Van Dusen was almost as active outside Union's quadrangle as within it. He is one of the century's undisputed ecumenical giants--a chairman of the Study Program for the World Council of Churches' first two General Assemblies, a major force in the negotiations that fused the Council and the old International Missionary Council in 1961. After office hours, Van Dusen has been a popular, effective preacher--his grainy bass baritone still seems capable of shattering stained glass --and a prolific theological writer: he has edited nine books, contributed to at least 14 others, and the 15th volume in his own uncollected works, The Vindication of Liberal Theology (Scribner's; $3.50), came off the presses last week.
Barth to Bultmann. The book is an appropriate valedictory, for during years in which the needle on theology's compass swung wildly from Barth to Niebuhr to Tillich to Bultmann, Van Dusen has stoutly maintained his belief in the religious wisdom of such neglected sages as Eugene William Lyman and Robert L. Calhoun.

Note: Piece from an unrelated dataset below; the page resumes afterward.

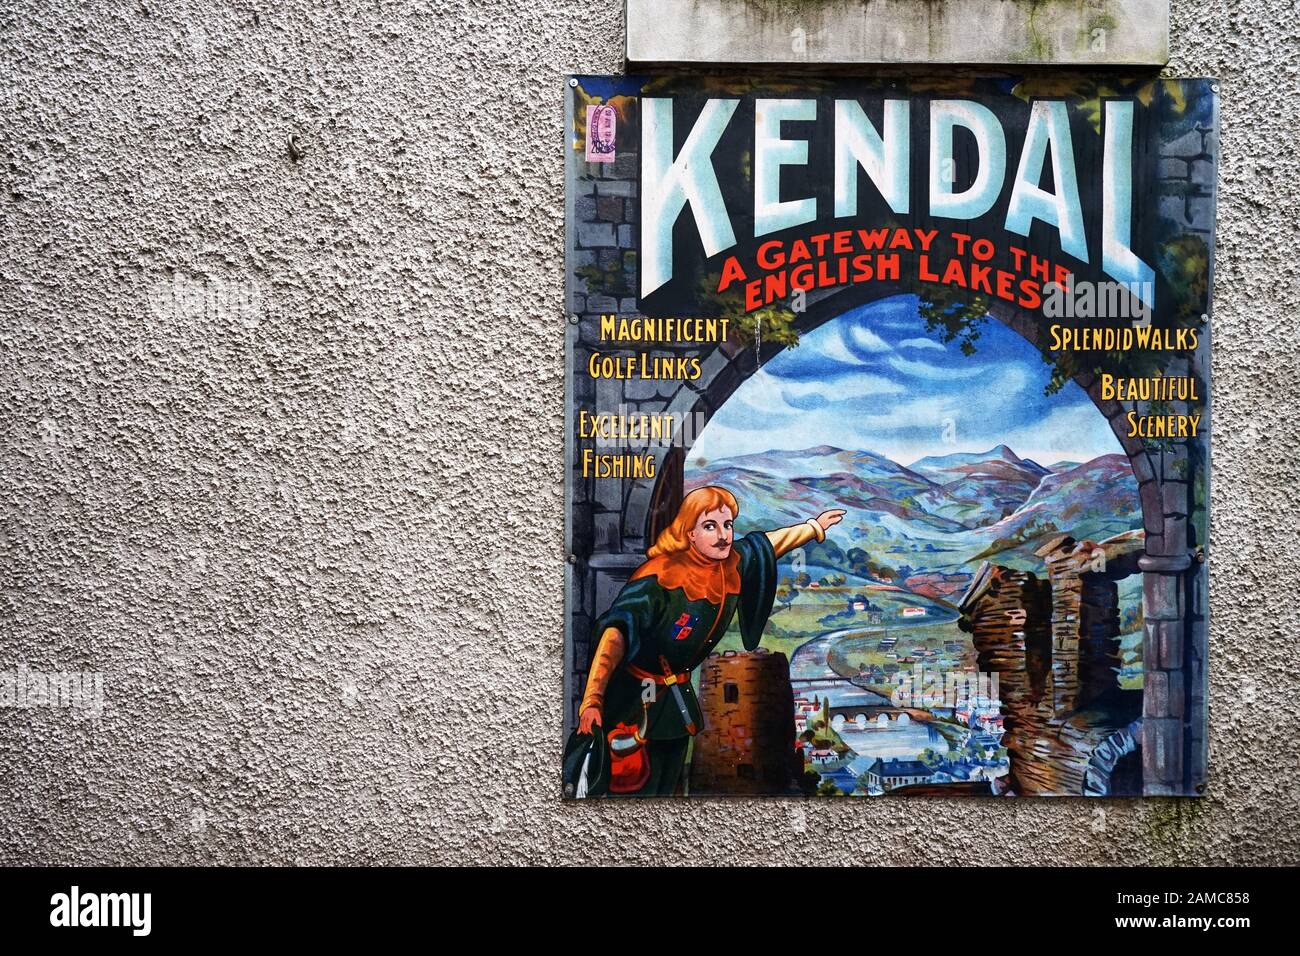 Altmodisches Touristeninformationsschild an einer Wand, das "Kendal, ein Tor zu den englischen Seen" wirbt Stockfoto

Open-minded enough to read (and learn from) the neo-orthodox theologians and the "demythologizers," Van Dusen argues that the evangelical, middle-of-the-road theology of the late 19th and early 20th centuries provided man with history's "least inadequate, most credible and cogent interpretation" of the central reality of Christianity: Christ as Lord and Savior.
Today, his profound Christian faith is modified by a radical skepticism about certain aspects of churchly life. As a lifelong ecumenicist, he deplores the persistence of narrow confessional concerns among churchmen, and regards as "a monstrous heresy" the widespread view that to be genuinely ecumenical, a person must first be a good denominationalist. "On the contrary, to be a good Methodist or Presbyterian," he argues, "one must be first a disciple of Christ's universal church." Practicing what he preaches, Presbyterian Minister Van Dusen is a communicant of St. Mary's Protestant Episcopal Church in upper Manhattan.
Van Dusen is even more disturbed by the widespread influence of German Form Critic Rudolf Bultmann and his disciples, thinks that current trends in New Testament study tend to destroy human faith in Jesus as a historical being. "If the skeptical conclusions of these scholars should finally prevail," he says, "intellectual honesty would compel me to surrender adherence to Christian Faith."
"Parochial Captivity." Theologian Van Dusen believes that during his presidency, Union lived up to its responsibilities to the nation, and even more to the world: it has graduates in 80 countries, and no U.S. institution of higher learning has a higher proportion (16%) of foreign students. Now, he argues, Union, along with all other divinity schools, faces a new challenge: helping U.S. churches escape from what he calls their "parochial captivity." Van Dusen believes that "the traditional parish structure is inappropriate to metropolitan life" and that theological seminaries must assist the ministry in discovering new ways to reach the urban masses.
A man with virtually no hobbies and a true Calvinist's concern for duty, Pit Van Dusen in retirement is not likely to let Union or U.S. churches forget that the status quo is no substitute for the Kingdom of God. "I want a chance to sit down and think, and then possibly I'll write some articles," he says: "Some of them may be a trifle astringent."